How in the world can investors consistently return portfolios that beat the S&P 500 year after year? Is it even possible?
Contrary to the few men in history that have beat the S&P (yes, Warren Buffett and Berkshire Hathaway have absorbed bigger losses than the S&P), Eugene Fama from the University of Chicago developed the efficient market hypothesis back in 1969 stating that markets are “informationally efficient”. How so? In the hypothetical situation that insider trading doesn’t exist, information will reach each investor at the same time, thus giving no one the upper hand in making the most coherent investment decisions. As a byproduct of this market behavior, investors will not be able to return profits (or losses) that exceed the market’s average returns. Again, this theory lies on the underlying fact that the market is (1) running on a risk-adjusted basis and (2) information is received to all parties at the same exact time.
Did you know that price action indicator trading strategies are one of the most commonly used methods in today’s financial market? Whether you are a short-term or long-term trader, analysing the price of a security is perhaps one of the simplest, yet also the most powerful, ways to gain an edge in the market.
So why don’t markets function like this? Keep in mind there are several fallacies today that explain why the market can never behave like this.
An installed principle in Fama’s hypothesis is that traders may overcompensate the information they receive and make irrational decisions. As theoretical as the hypothesis is, the theory is further construed with greater reliance on the psychology of the human mind, stating that factors like overconfidence and false grips on reality result in inefficiencies of traders as a whole entity. But, in the grand scheme of things, the market is always correct. Assuming that all people’s behaviors follow a normal distribution pattern (little to no investors steer away from the majority and make their own decisions against the power of the information provided), the three stipulations to the market state why the investing world runs the way it does. Aspects of behavioral finance and cognition biases help detail why there are always winners in investing, and why there are always losers in investing.

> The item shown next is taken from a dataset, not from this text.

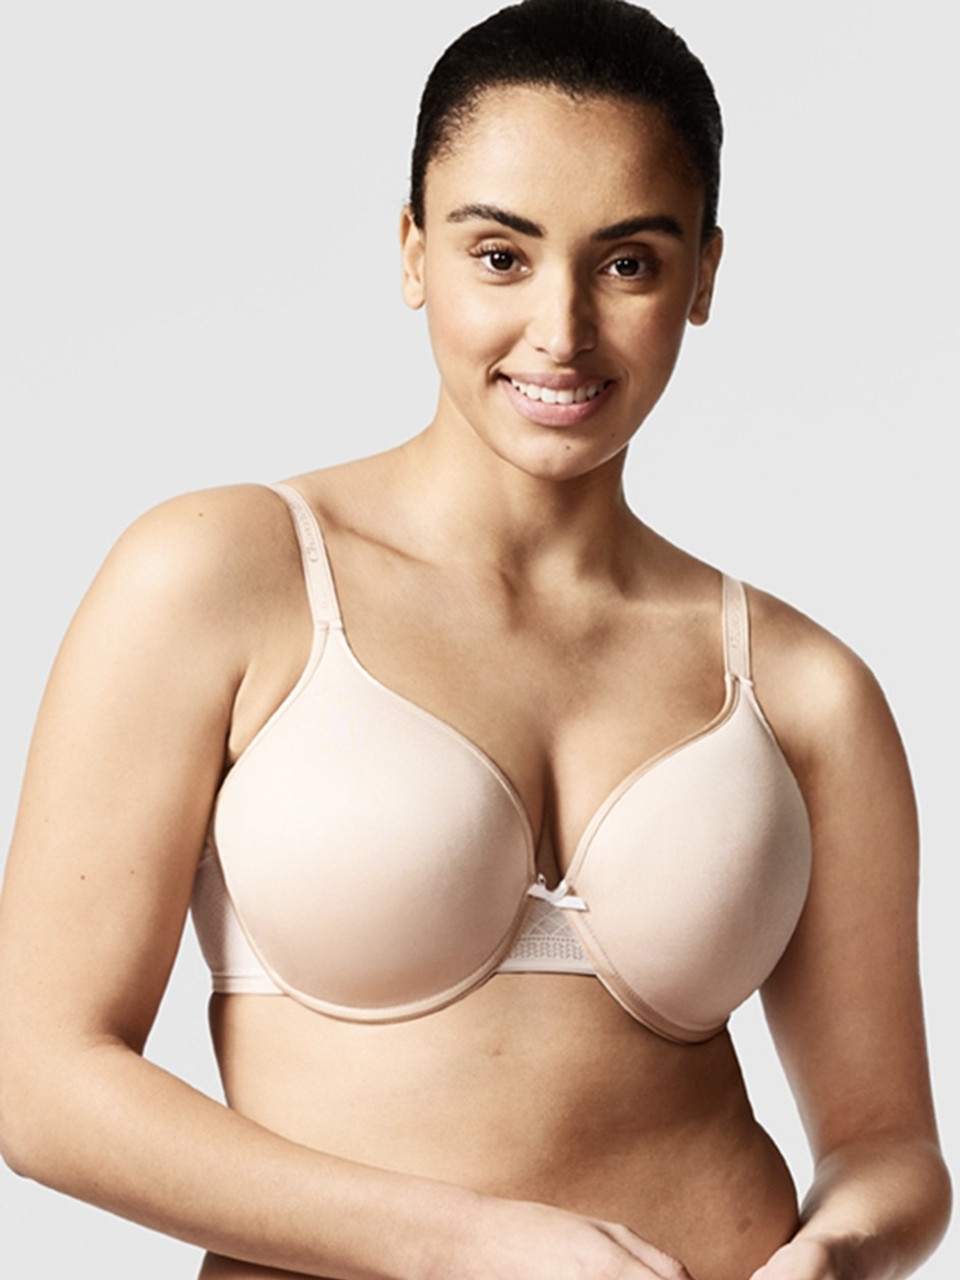 Chantelle Women's Adult Absolute Invisible Smooth Strapless Bra
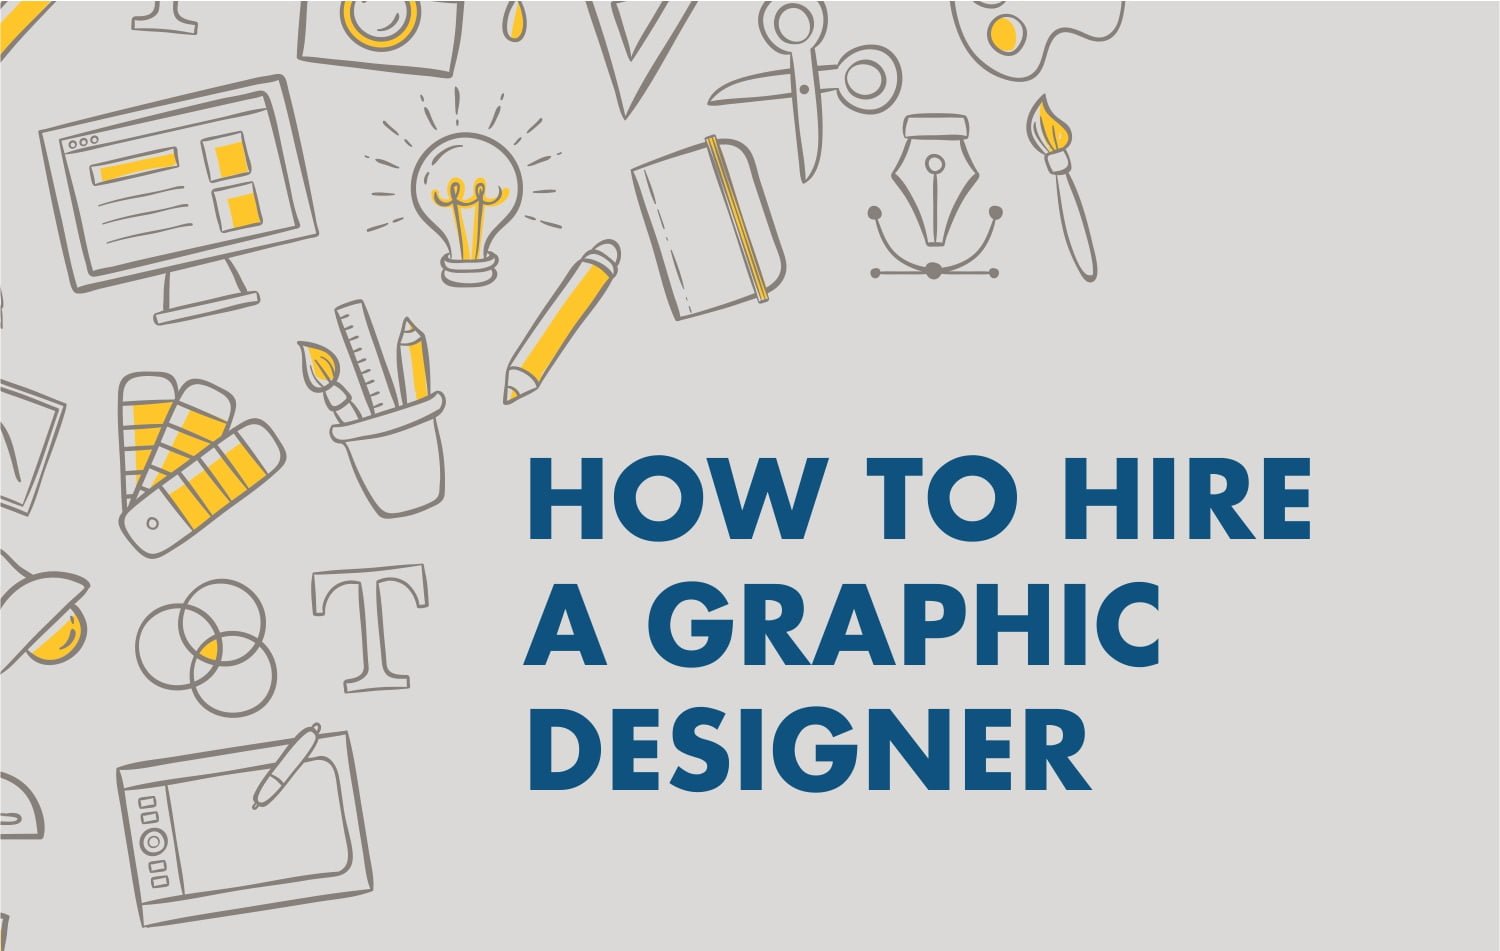 How to hire a graphic designer

Weak-form efficiency: Future prices cannot be determined by past prices or past behavior of an investment. The only cure can come from fundamental analysis, which includes viewing the business models, financial statements, and economic moats of the entity being examined. The underlying theme stresses the importance of qualitative analysis as any hopes of (potentially) beating the market consistently. Contrary to quantitative and technical analysis (examining graphs), prices will randomly fluctuate in the absence of “fundamental information”. However, inconsistencies exist in this theory that have been able to model and closely emulate the non-random walk, or movement, of prices amongst investments. Research and the models done to disprove the weak-form efficiency can be found through scholarly research and a quick Google search.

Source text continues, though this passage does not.